Scope stops short of attacking the welfare reforms in their entirety, simply asking the government to “tell the whole story when it comes to stats.” Yet whichever way you tell it, the huge expansion of incapacity benefit is a story worth laying before the public. In 2010 2.6million people were claiming the benefit, worth up to £25 more every week than jobseeker's allowance. Nearly 500,000 of these cited depression or anxiety as their reason for being unable to work; another 168,000 blamed back pain, 77,000 cited drug abuse.
In attacking the government for highlighting these figures, Scope is surely aiming at the wrong target; blaming the messenger rather than acknowledging the faults in the system. The wide availability of incapacity benefits to people who are not suffering from disability has been extremely harmful to the interests of those who are genuinely incapable and who rely on state support to enable them to carry out everyday tasks.
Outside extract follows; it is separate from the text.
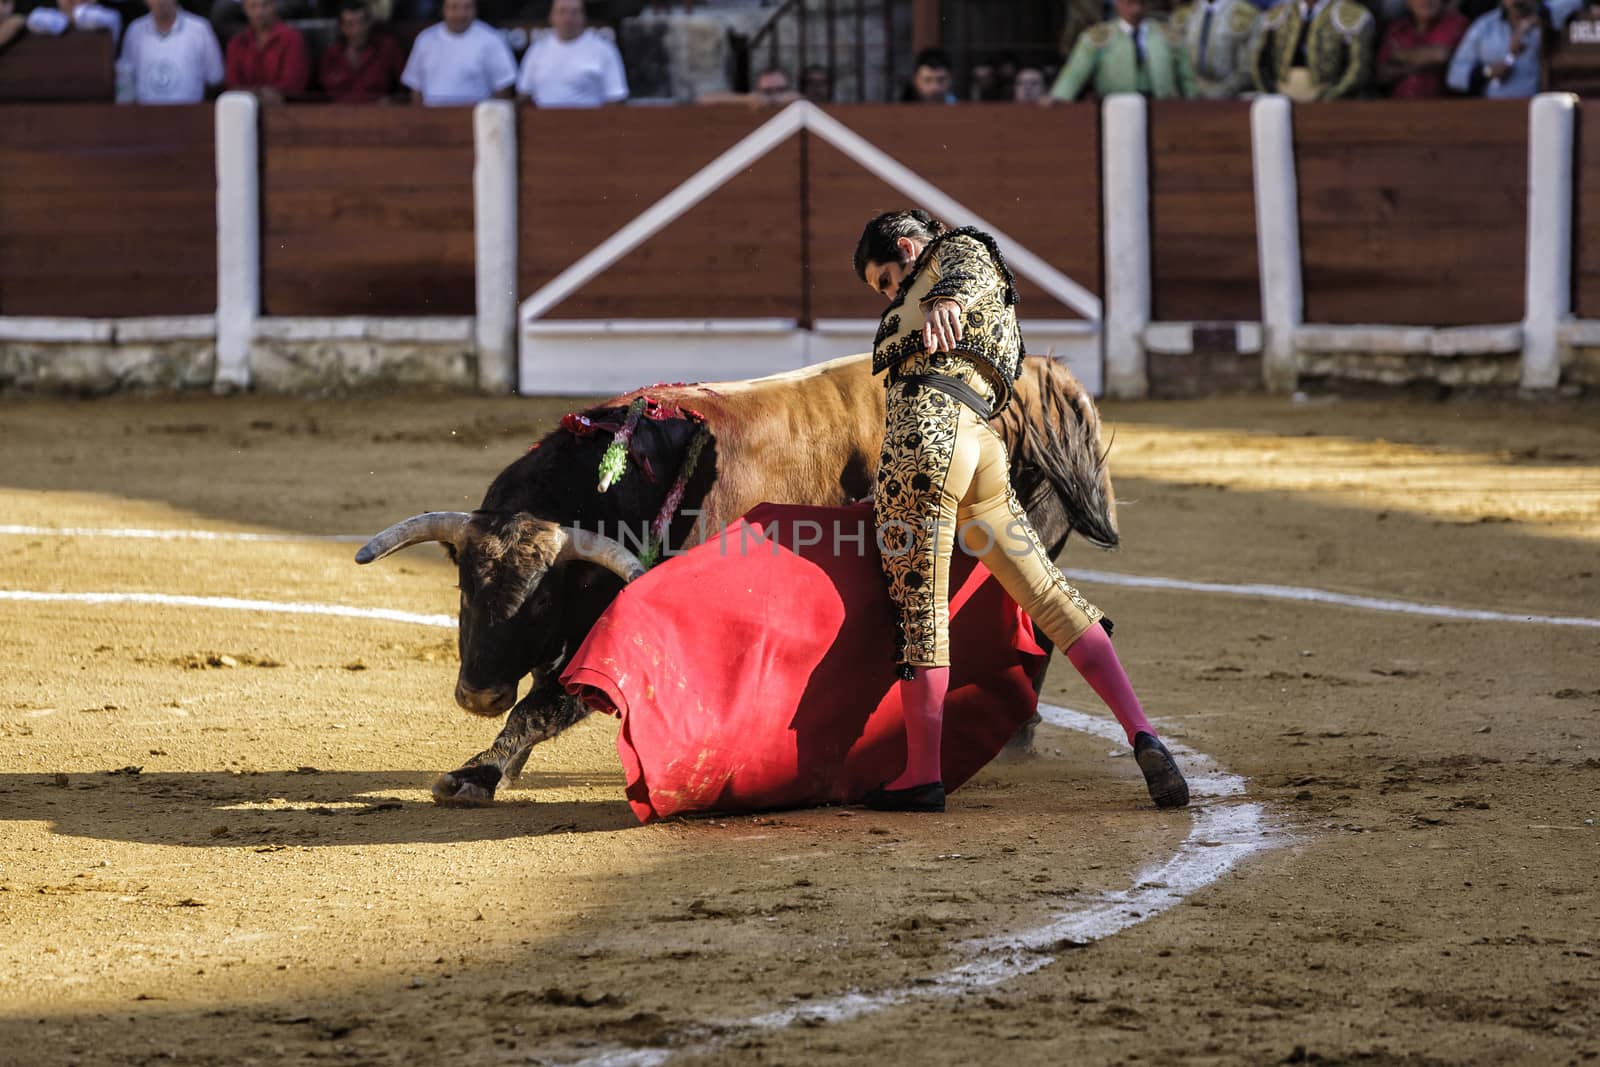 Ubeda, Jaen provincia, SPAIN , 29 september 2010:  Spanish bullfighter Morante de la Puebla bullfighting with the crutch in his first Bull of the afternoon in Ubeda bullring, Jaen, Spain, 29 September 2010

Indeed, the Scope survey later admits this, noting that the most important reason for negative attitudes towards the disabled is “People claiming benefits when they are not disabled.”
It's not hard to think of other examples of this “crying wolf” effect. The able-bodied driver who wangles a blue badge, or who “borrows” one from a family member, causes other motorists to look less kindly on those displaying the badge, making life harder for drivers who really cannot walk unaided. Labelling a fifth of all schoolchildren as having Special Educational Needs means that the (much smaller) number of autistic, physically impaired or handicapped pupils do not get the resources their conditions merit. The wider the definition of disability, the greater the scope for abuse, as well as the likelihood of compassion fatigue.
The government thus deserves credit for seeking to distinguish between different categories of benefit recipient and to curtail welfare abuse. Not every fitness assessment will be the right one, but a welfare system that categorised more than 7% of working-age adults as too disabled to be employed was clearly overdue for scrutiny. Instead of seeking to whip up resentment of welfare reform, disability charities like Scope should be welcoming the government's attempts to differentiate. Because the best way to restore public confidence in the welfare system is to ensure that it cannot be abused.